Le syndrome de l’imposteur chez les uns aggrave l’effet Dunning-Kruger chez d’autres !
Pour gérer les personnes présentant l’effet Dunning-Kruger, il faut d’abord comprendre le mécanisme de leur fonctionnement et la raison pour laquelle ils adoptent un tel comportement. Bien évidemment, la compréhension n’implique pas forcément l’excuse et la tolérance de ce type de comportements jugés nuisibles au bon fonctionnement du travail, mais permet au moins d’alléger la charge émotionnelle que l’on peut ressentir. «D’après les professeurs Dunning et Kruger, ces personnes font des cheminements réflexifs erronés et font des choix malheureux, mais leur incompétence les prive de la capacité métacognitive de le réaliser», avance Sanae Hanine. Effectivement, ajoute-t-elle, l’effet Dunning-Kruger est lié à une rationalité limitée de l’individu dans le traitement de l’information. «Il s’agit de la résultante d’un biais cognitif qui réfère à un schéma de pensée trompeur et faussement logique. Cette erreur de calibrage est donc liée à des déficits de compétences métacognitives ou à la capacité de distinguer la précision de l’erreur», clarifie-t-elle. Cela dit, ajoute l’experte, pour donner un sens à un événement ou juger d’un fait, le cerveau va puiser dans les méta-informations constituées des croyances subjectives inconscientes, des préjugés et des idées toutes faites que l’individu a engrangés le long de sa vie. Ce système de pensée paraît cohérent, mais il est biaisé. Le risque de jugement erroné devient alors important. Et ce n’est pas tout ! Il existe bel et bien d’autres facteurs qui pourraient nous éclairer encore plus sur ce phénomène. On peut citer à titre d’exemple l’entourage professionnel de la personne. On parle ici du syndrome de l’imposteur qui, en se sous-estimant et en reniant son apport dans la réussite collective, contribue fortement à l’amplification de l’effet Dunning-Kruger chez la personne qui s’estime de manière excessive. Le syndrome de l’imposteur suppose qu’une personne, bien qu’elle soit compétente, cherche souvent à attribuer ses réussites à d’autres facteurs tels que la chance. «Ce syndrome s’explique, entre autres, par une peur constante de l’échec et de ne pas être à la hauteur», clarifie Sanae Hanine.

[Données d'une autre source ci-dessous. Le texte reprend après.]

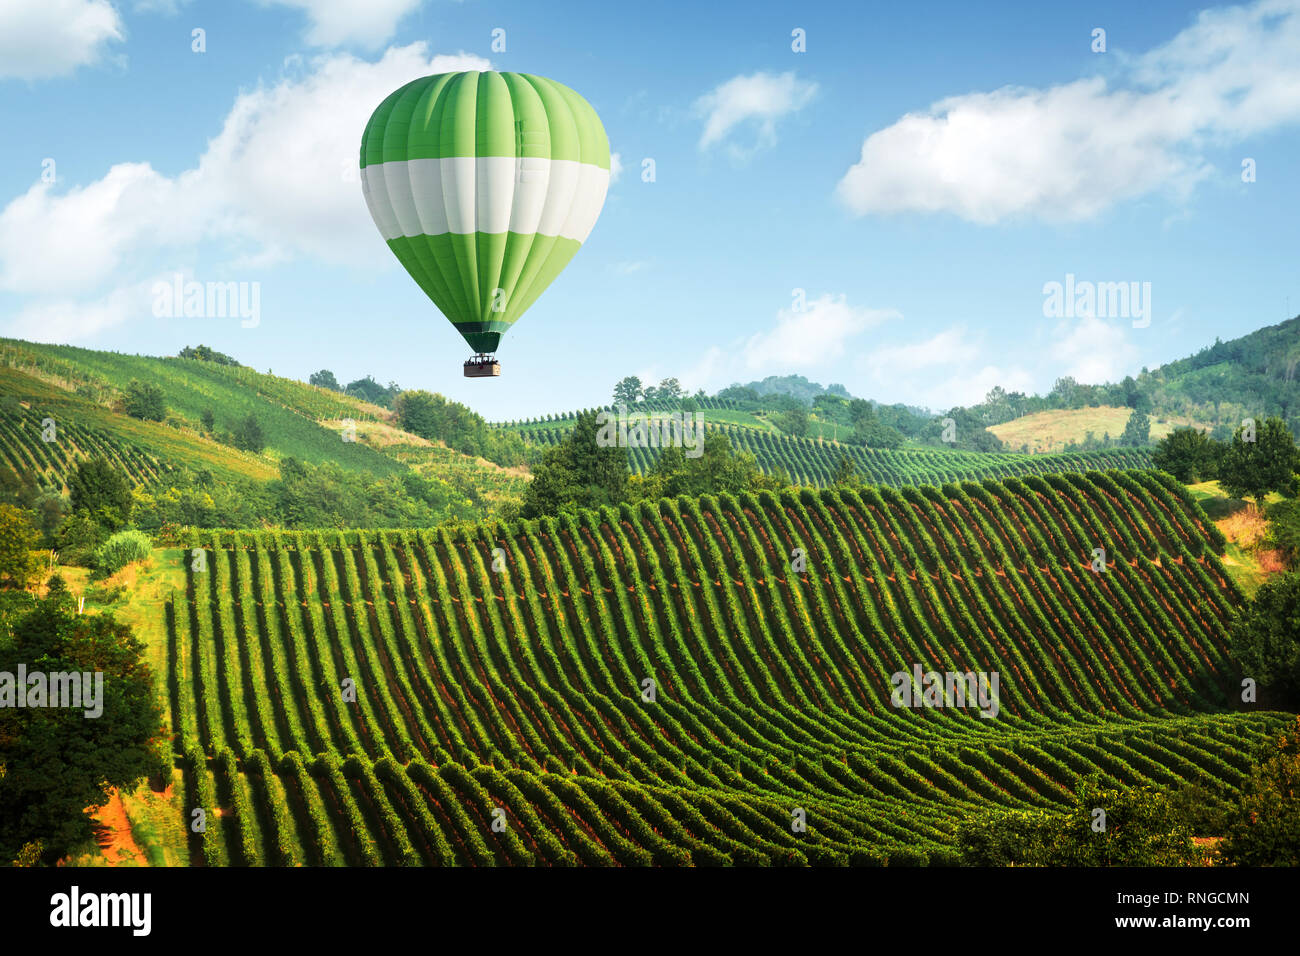 Amazing paysage rural avec ballon vert en vertu de vignoble sur les collines de l'Italie. Arrière-plan de vigne Banque D'Images

Comment composer avec une personne qui se croit supérieure aux autres ?
Effet Dunning-Kruger, syndrome de l’imposteur… L’entreprise est le milieu socio-professionnel où cohabitent différents profils. C’est d’ailleurs cette différence qui contribue à l’enrichissement de l’entreprise. Qu’on le veuille ou non, nous sommes obligés de «cohabiter» avec les différents profils qui existent. En présence d’une personne Dunning-Kruger, il y a deux manières d’agir : Soit on l’accepte tel qu’il est, ce qui n’est pas toujours évident, soit on cherche à le recadrer. La méthode du questionnement reste la plus recommandée dans ce cas de figure. «Il s’agit là de lui poser des questions ouvertes pour le déstabiliser et faire tomber ses résistances», recommande Jihane Benslimane, experte en stratégie et management RH et directrice exécutive du cabinet Hera Consulting Group. Toutefois, force est de reconnaître que pour être en mesure de gérer tout type de profil, il faut d’abord être conscient de son propre mode de fonctionnement. C’est là où réside l’importance du travail sur soi en vue de développer les compétences relationnelles fortement requises pour une carrière réussie. Cela s’applique évidemment pour le profil Dunning-Kruger !  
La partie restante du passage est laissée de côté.